On September 14, 2023, members of WVUSU rallied outside the WVU Erickson Alumni Center ahead of the Board of Governors meeting to hear public comments regarding the recommendations. At the meeting, about fifty people, including WVUSU members, spoke in opposition to the recommendations, and not a single person spoke in favor.

On September 15, 2023, the Board of Governors vote to approve the recommendations was disrupted by student protesters, led by WVUSU, inside the meeting room. The students eventually exited the meeting room, which was followed by the board chair stating that she did not tell them to leave and that she "will not let that misinformation spread." The students returned, attempted to re-enter the meeting room, and were physically removed by university personnel, according to WVU's student newspaper The Daily Athenaeum.
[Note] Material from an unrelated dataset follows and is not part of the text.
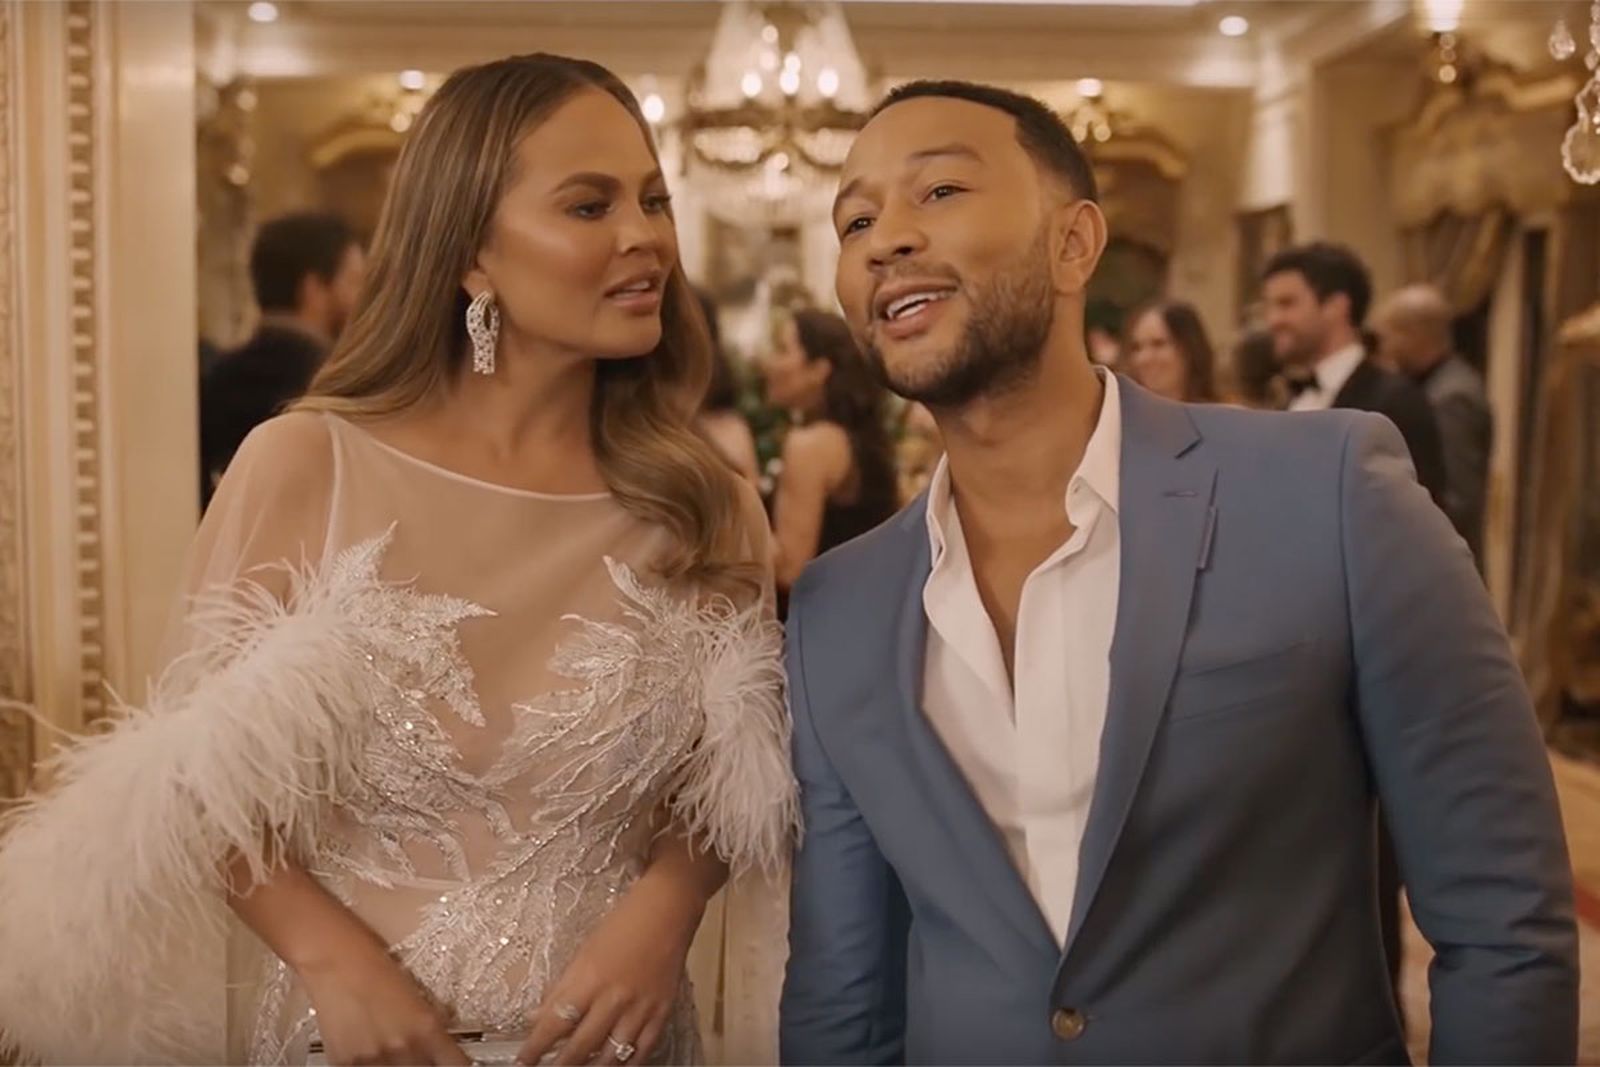 John Legend and Chrissy Teigen in Genesis ad for the super bowl

The students continued their protest outside the building and outside the windows of the meeting room while the board voted in favor of eliminating twenty-eight programs and one hundred forty-three faculty positions.

=== Post-Board of Governors Vote ===
On October 23, 2023, WVUSU and West Virginia Campus Workers organized a response, dubbed the "People's State of the University Address," to an address delivered by university president E. Gordon Gee earlier that afternoon. Speakers included the WVUSU Assembly President, Matthew Kolb, and Lisa DiBartolomeo, a teaching professor from the to-be-discontinued World Languages Department. The event's speeches included discussions of program cuts, reductions in force, and labor.